Pre-Christmas Update on the ePrivacy Regulation

The General Data Protection Regulation (“GDPR”) will enter into force 25 May 2018, and will provide new general data protection standards. In its draft ePrivacy Regulation of 10 January 2017 (“ePrivacy Regulation”), which includes specific provisions for electronic communications, the European Commission sought to ensure that both sets of rules will enter into force at the same time.
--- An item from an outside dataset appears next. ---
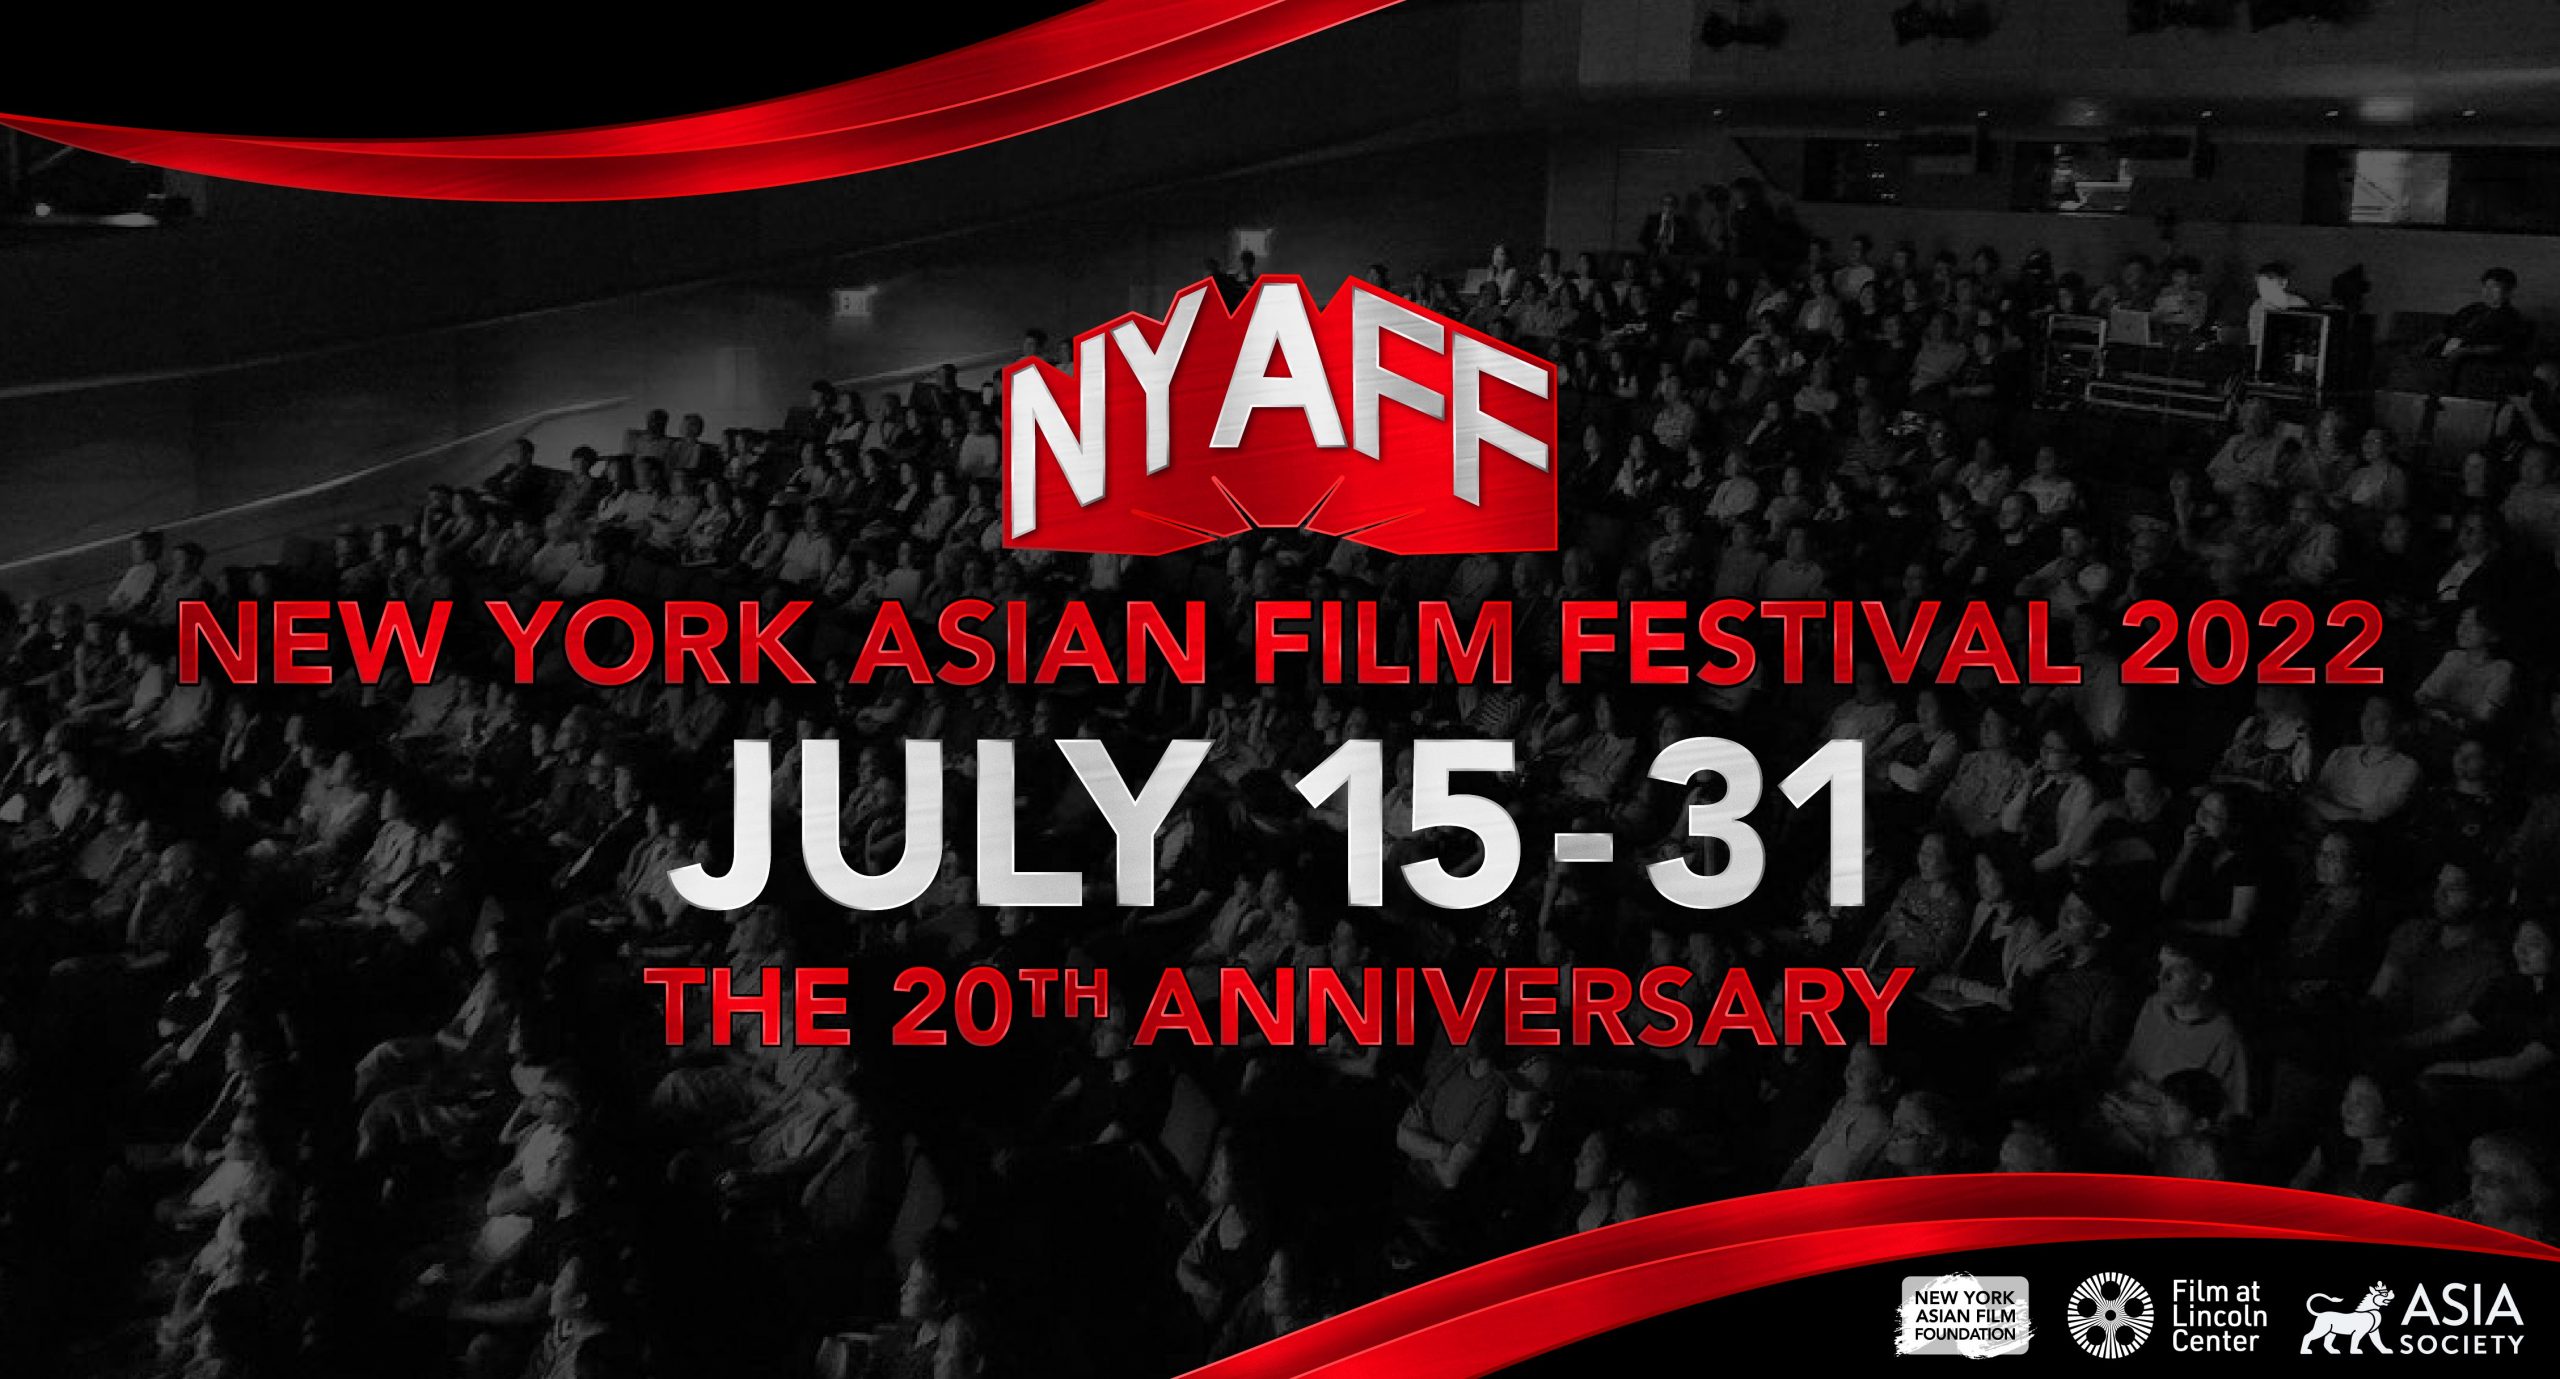 The 20th anniversary of the New York Asian Film Festival, July 15-31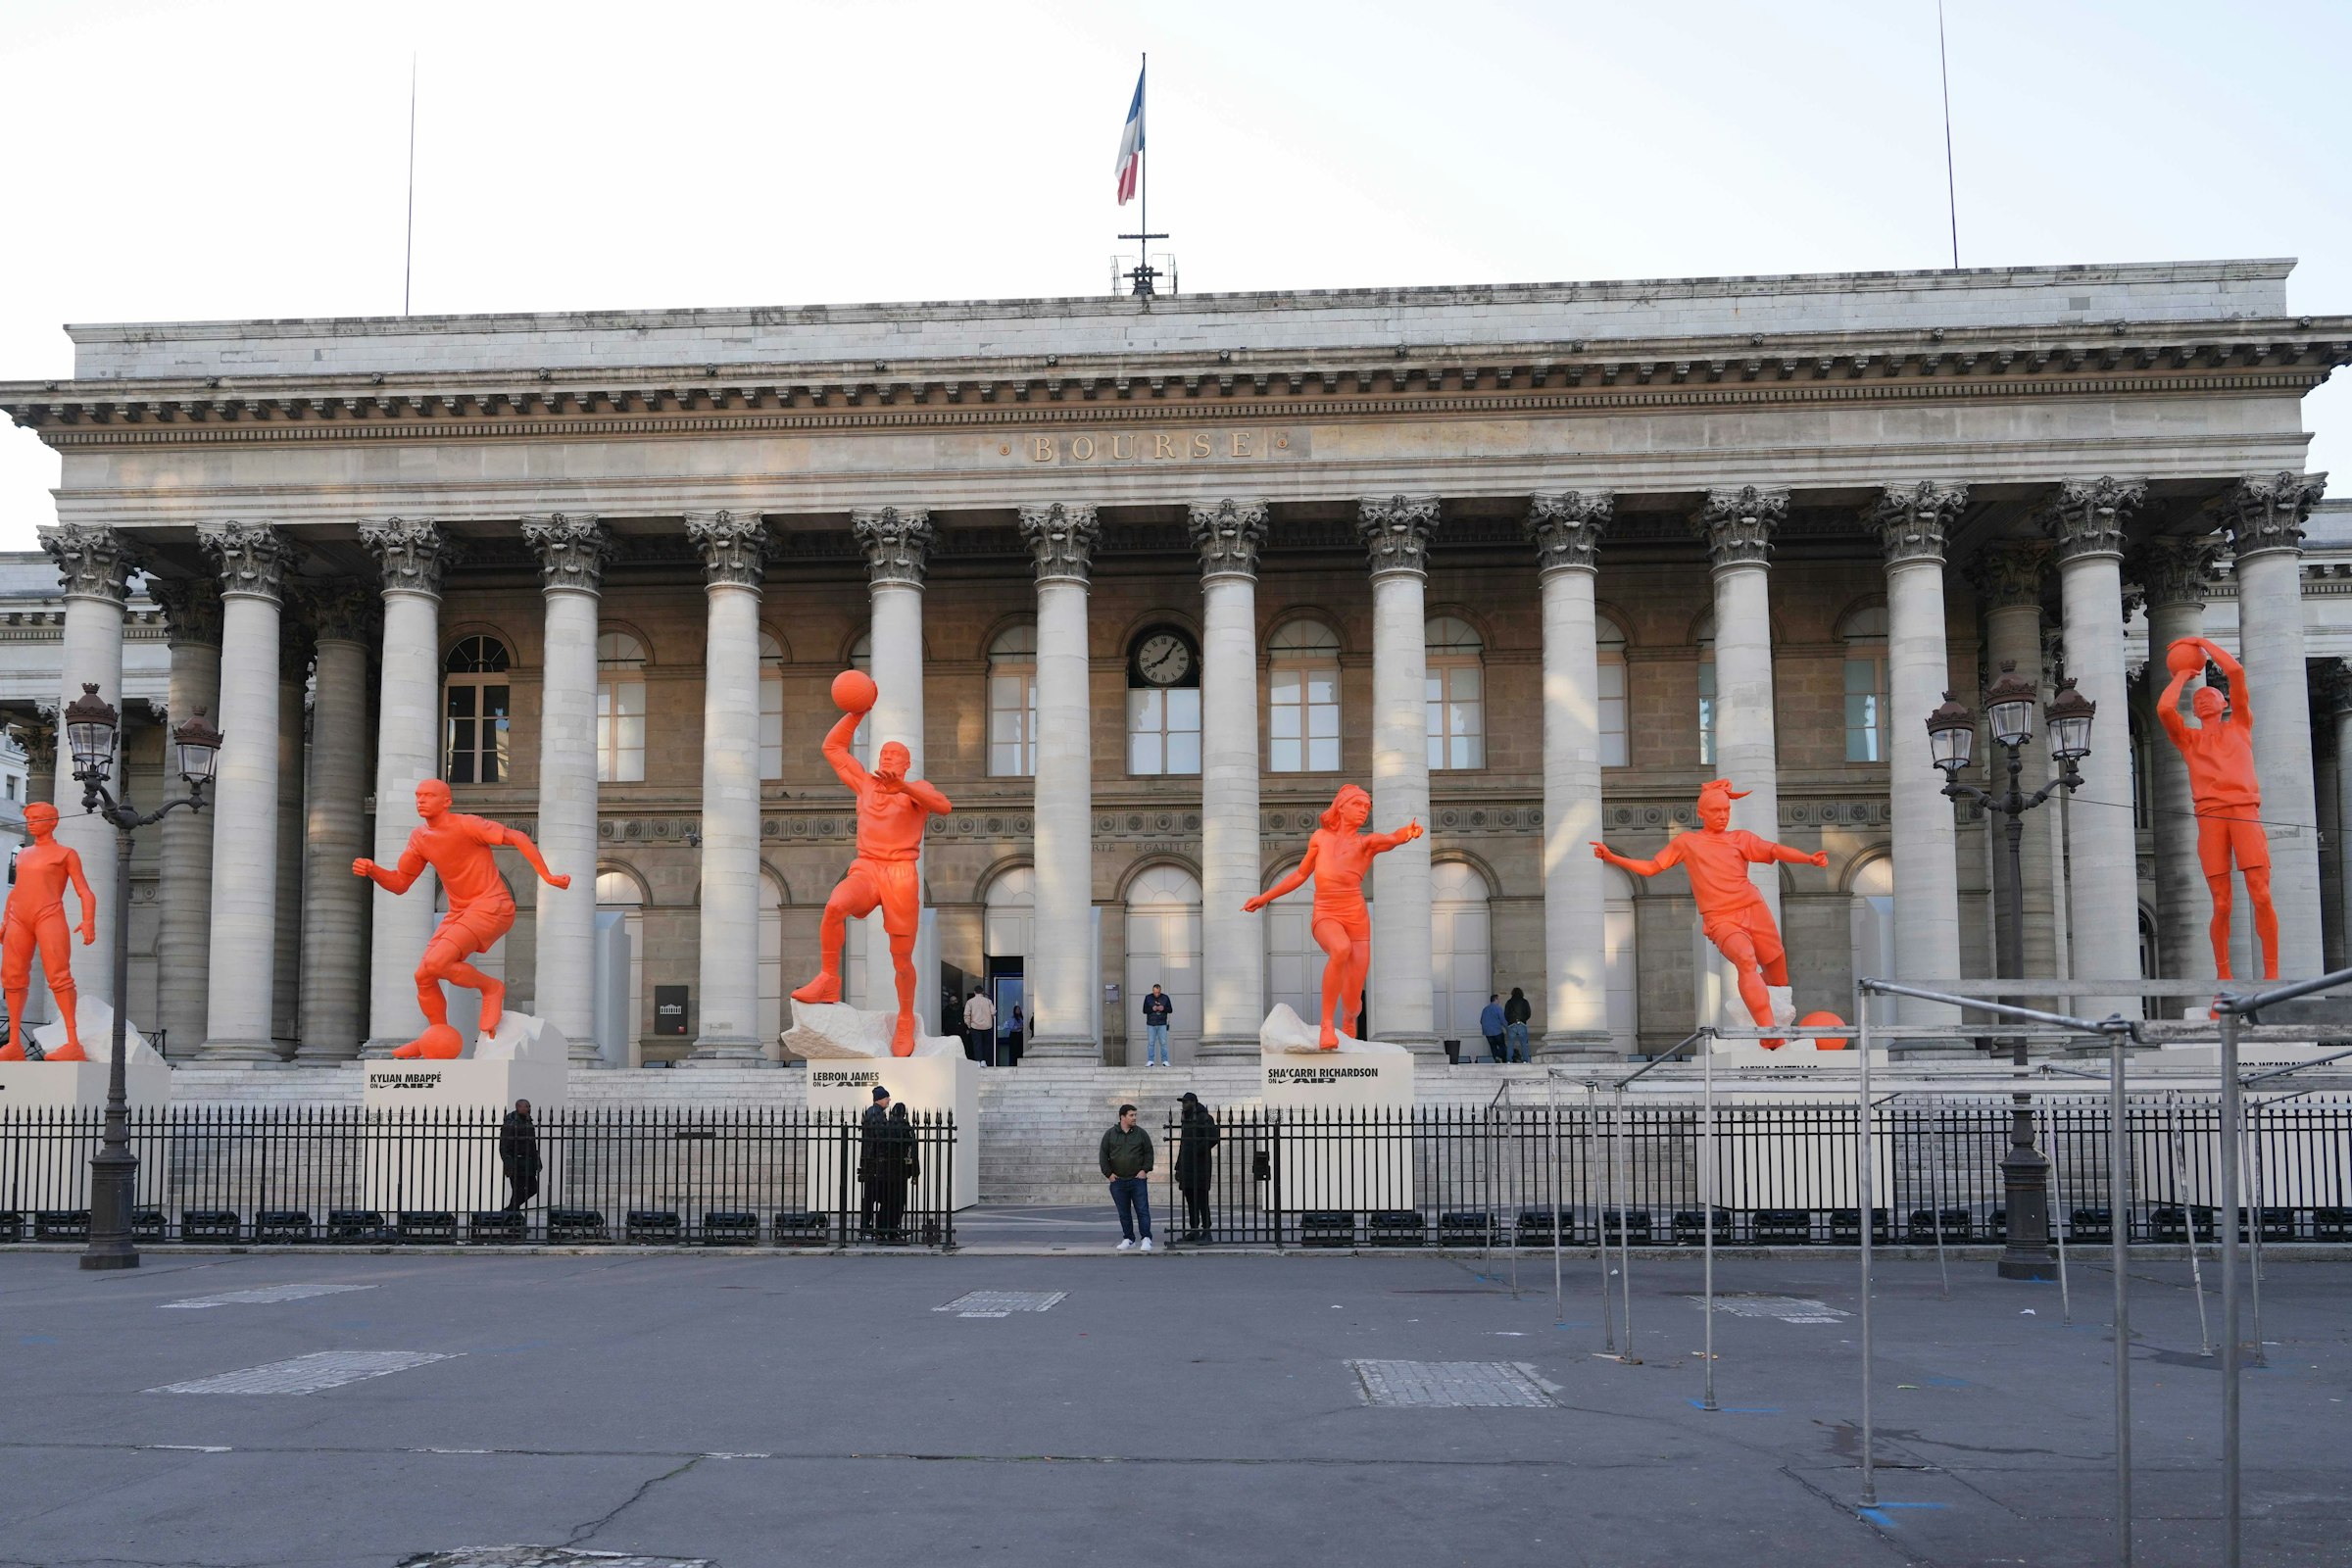 'Nike On Air' took place at the Palais de Brougniart in Paris. Statues of athletes adorned the entrance

Current legislative status of the ePrivacy Regulation

The European Council published its first revisions to the ePrivacy Regulation (read more on our blog here) on 8 September 2017, and European Data Protection Supervisor Giovanni Buttarelli issued recommendations on specific aspects of the ePrivacy Regulation on 5 October 2017 (read more on our blog here). The European Parliament adopted a report, including its draft resolution on the ePrivacy Regulation (“Report”), on 23 October 2017. Adhering to the requirements for processing personal data under the ePrivacy Regulation, the Report does not allow further data processing for compatible purposes or on the basis of legitimate interest. On 5 December 2017, the European Council released a consolidated version of the ePrivacy Regulation (“Consolidated Version”) which summarizes the work done so far in the European Council as a basis for its future work. The Consolidated Version also outlines that further internal discussions will be necessary, i.e., on Art. 6, 7, 9 ePrivacy Regulation as well as on further grounds for processing.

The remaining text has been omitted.